Allah memerintahkan kepada Nabi Muhammad saw untuk mengatakan kepada orang-orang musyrik Mekah, bahwa seandainya ar-Raḥmān, Tuhan Yang Maha Pemurah mempunyai anak dan mereka dapat membuktikan kebenarannya dengan alasan-alasan yang kuat, maka Nabi Muhammad adalah orang pertama yang mengakui dan mengagungkan-Nya, sebagaimana orang memuliakan anak seorang raja karena memuliakan bapaknya. Pendapat ini berdasar karena bahwa anak tuhan merupakan bagian dari Tuhan, karena itu kedudukan putranya itu sama dengan kedudukan-Nya sendiri.

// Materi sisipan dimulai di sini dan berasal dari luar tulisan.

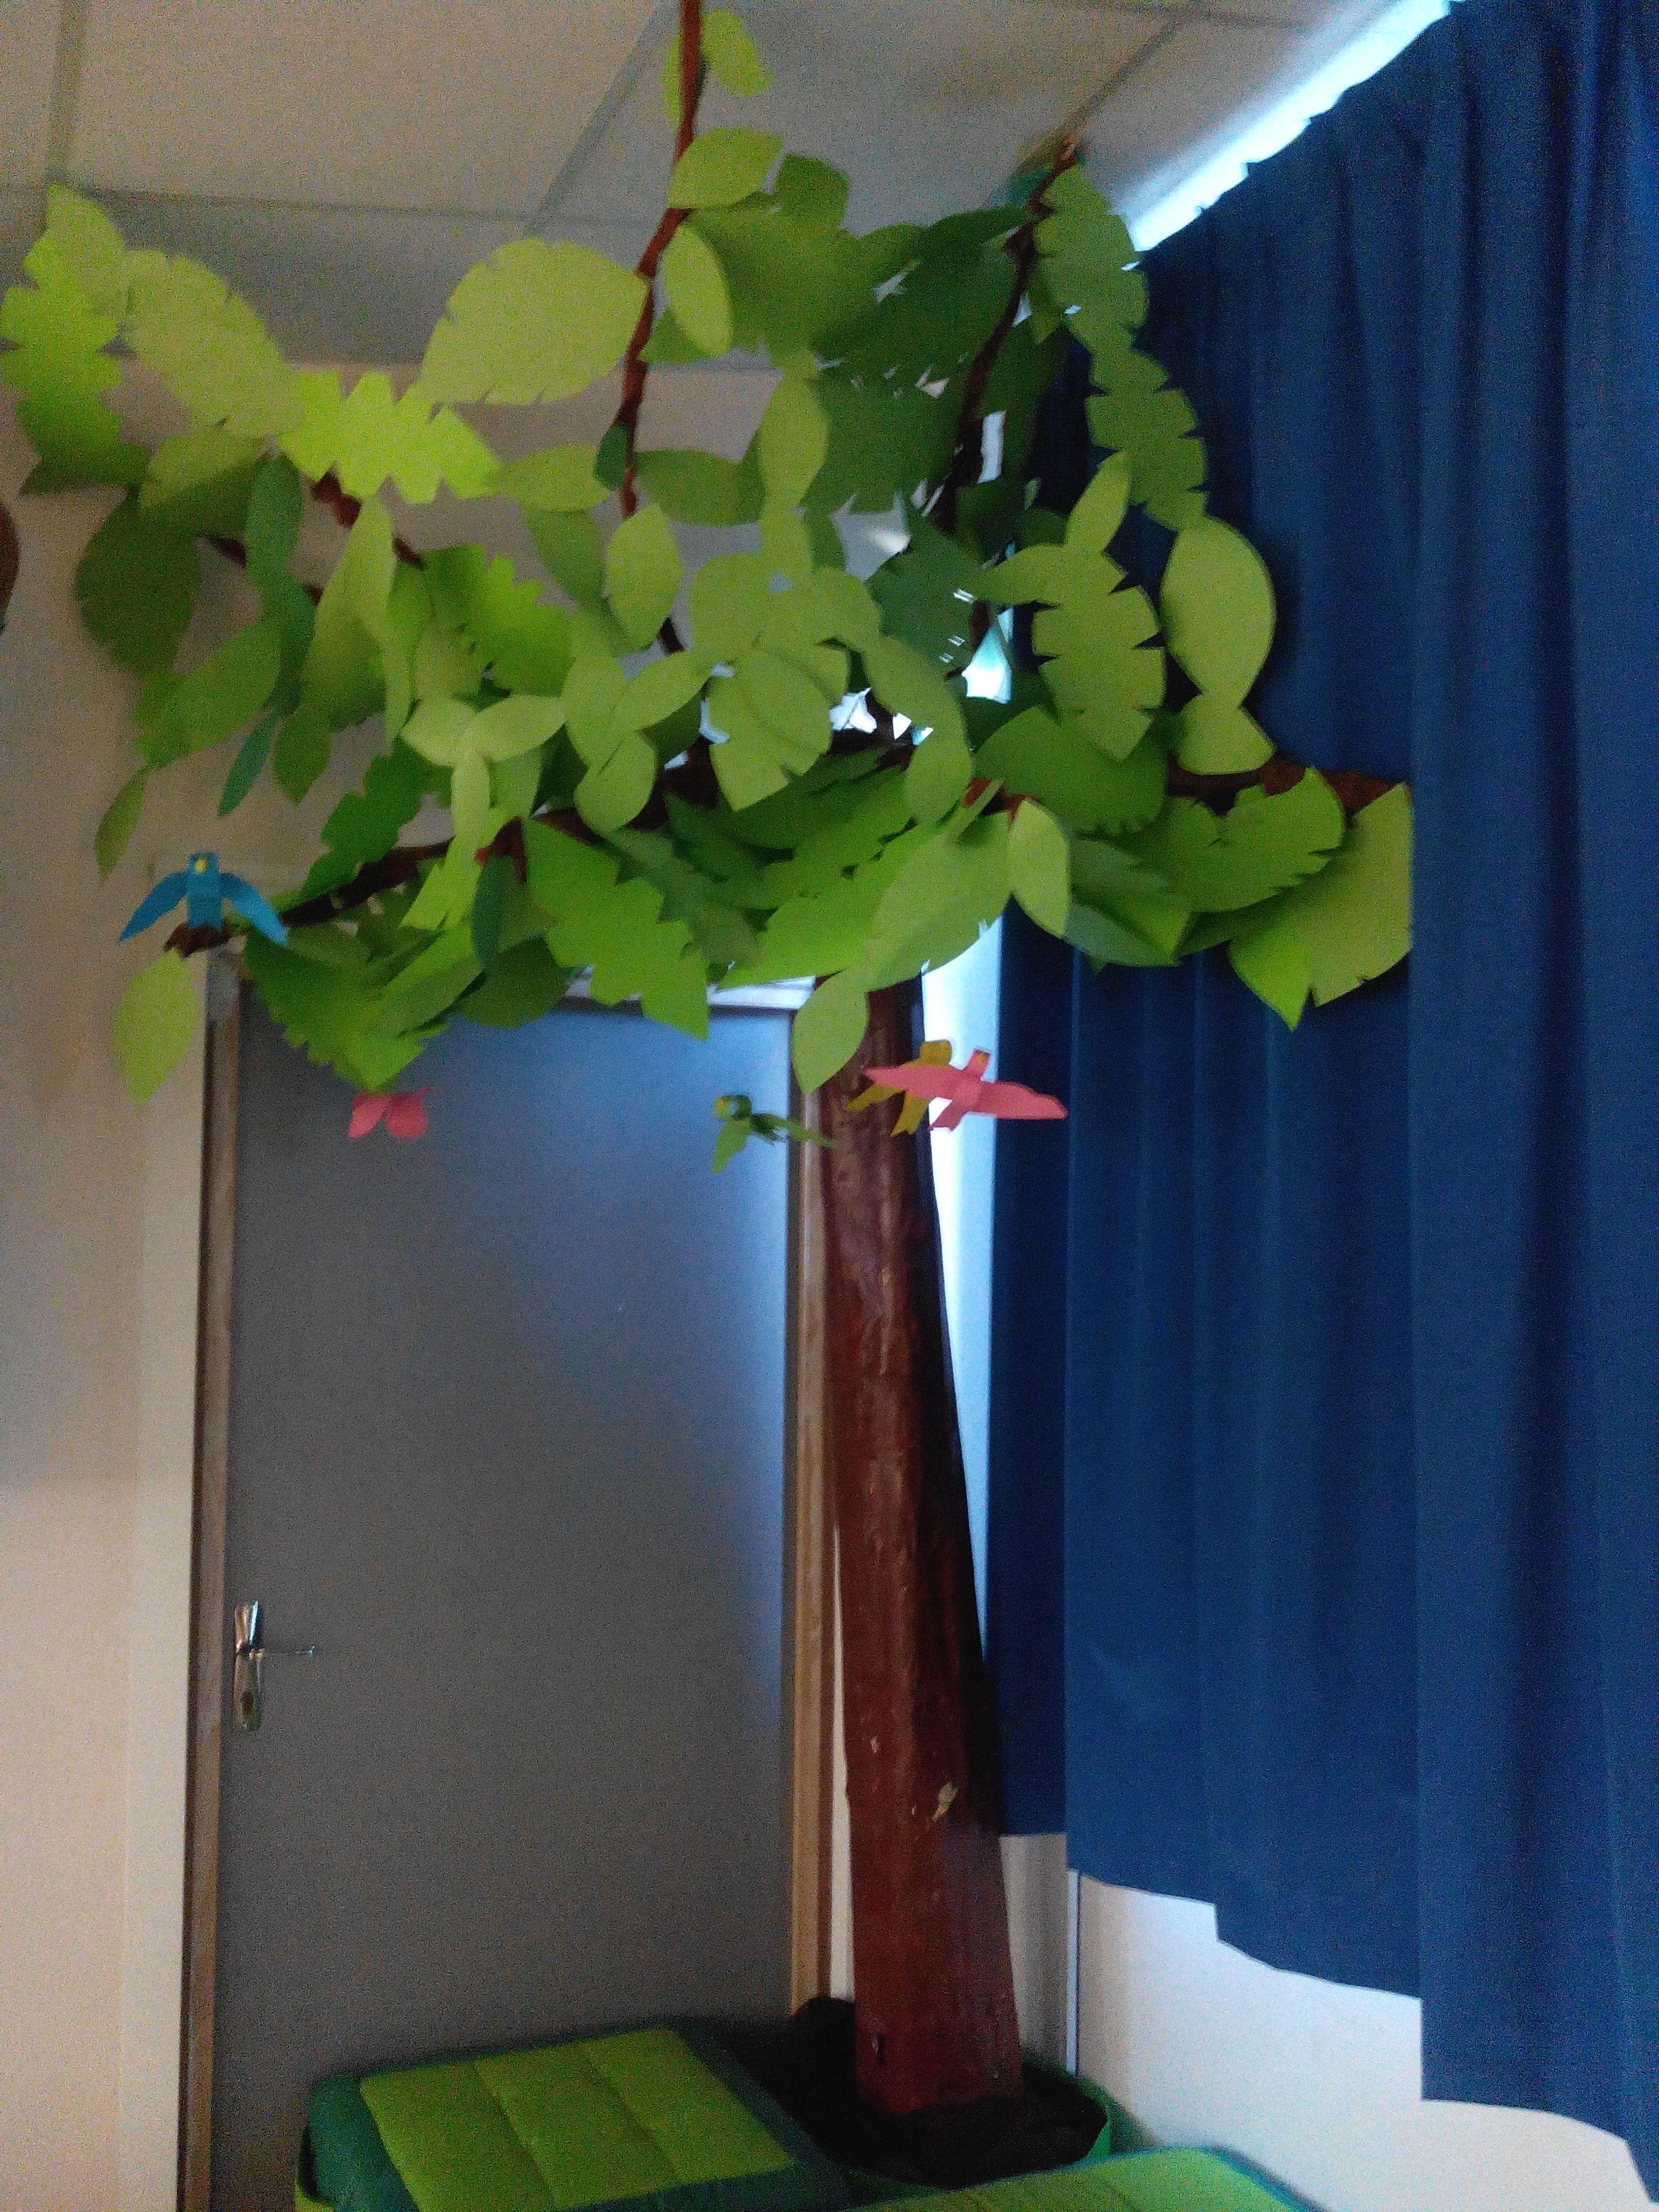 Un arbre est n tube de carton journaux un vieux - Arbre de noel en carton ...

Pengertian di atas menunjukkan suatu penegasan bahwa hal tersebut sangat mustahil bagi Allah. Firman Allah:
لَوْ اَرَادَ اللّٰهُ اَنْ يَّتَّخِذَ وَلَدًا لَّاصْطَفٰى مِمَّا يَخْلُقُ مَا يَشَاۤءُ ۙ سُبْحٰنَهٗ ۗهُوَ اللّٰهُ الْوَاحِدُ الْقَهَّارُ ٤
Sekiranya Allah hendak mengambil anak, tentu Dia akan memilih apa yang Dia kehendaki dari apa yang telah diciptakan-Nya. Mahasuci Dia. Dialah Allah Yang Maha Esa, Mahaperkasa. (az-Zumar/39: 4)
1. Awwalul ‘Ābidīn اَوَّلُ الْعَابِدِيْنَ (az-Zukhruf/43: 81)
Dua rangkaian kata dalam ayat ini, awwal dan ‘ābidīn, yang pertama dari akar kata awwalu, jamak awā'ilu, awwalūn, feminin ūlā, jamak uwāl, ūliyāt yang berarti ‘awal,’ ‘pertama,’ ‘mula-mula. “Yang kedua, ‘ābidïn, dari kata kerja (verb) ‘abada, ya‘budu, ‘abdan, harfiah berarti ‘menyembah,’ ‘beribadah,’ dalam arti teknis ‘tunduk kepada Allah dan kehendak-Nya.’ Ayat di atas berarti ‘akulah yang pertama akan menyembahnya.’
Perintah dalam ayat ini ditujukan kepada Rasulullah agar menegaskan kepada kaum musyrik Mekah, bahwa jika anggapan mereka, bahwa Allah punya anak dapat dibuktikan dengan alasan-alasan yang kuat, maka akulah orang pertama yang akan mengakui dan menyembah anak itu. Tetapi semuanya mustahil, karena memang sangat bertentangan dengan tauhid, akidah yang dibawanya sebagai risalah. Ungkapan ini menekankan pada suatu kemustahilan Allah akan punya anak, dan penekanan ini diperkuat oleh ayat-ayat lain (al-Ikhlāṣ/112: 3, az-Zumar/39: 4, al-Anbiyā’/21: 22 dan sekian lagi ayat-ayat senada).
2. Yakhūḍū يَخُوْضُوا (az-Zukhruf/43: 83)
Kata Yakhūḍū adalah fi‘il muḍāri‘ ḍamir jama‘ yang dibuang nūn dibelakangnya, yaitu dari khāḍa-yakhūḍu-khauḍa n yang berarti menyelam, tenggelam, masuk ke dalam air.
Seseorang yang masuk ke air yang dalam, kakinya tidak menyentuh dasar laut atau sungai tempat ia tercebur, sehingga ia tidak dapat berjalan karena ia tidak memiliki pijakan, akhirnya ia tenggelam. Demikianlah keadaan orang musyrik yang melecehkan agama yang disebutkan dalam Surah az-Zukhruf ayat 83, ia berbicara dan bersikap tanpa dasar. Karena itu kata yakhūḍū pada umumnya tidak digunakan kecuali untuk makna pembicaraan dan sikap yang tidak berdasar.
Penggunaan kata yakhūḍū dalam menggambarkan sikap orang-orang musyrik itu mengisyaratkan bahwa kebanyakan pembicaraan mereka tidak berdasar, karena mereka jauh dari ketentuan dan tuntunan agama.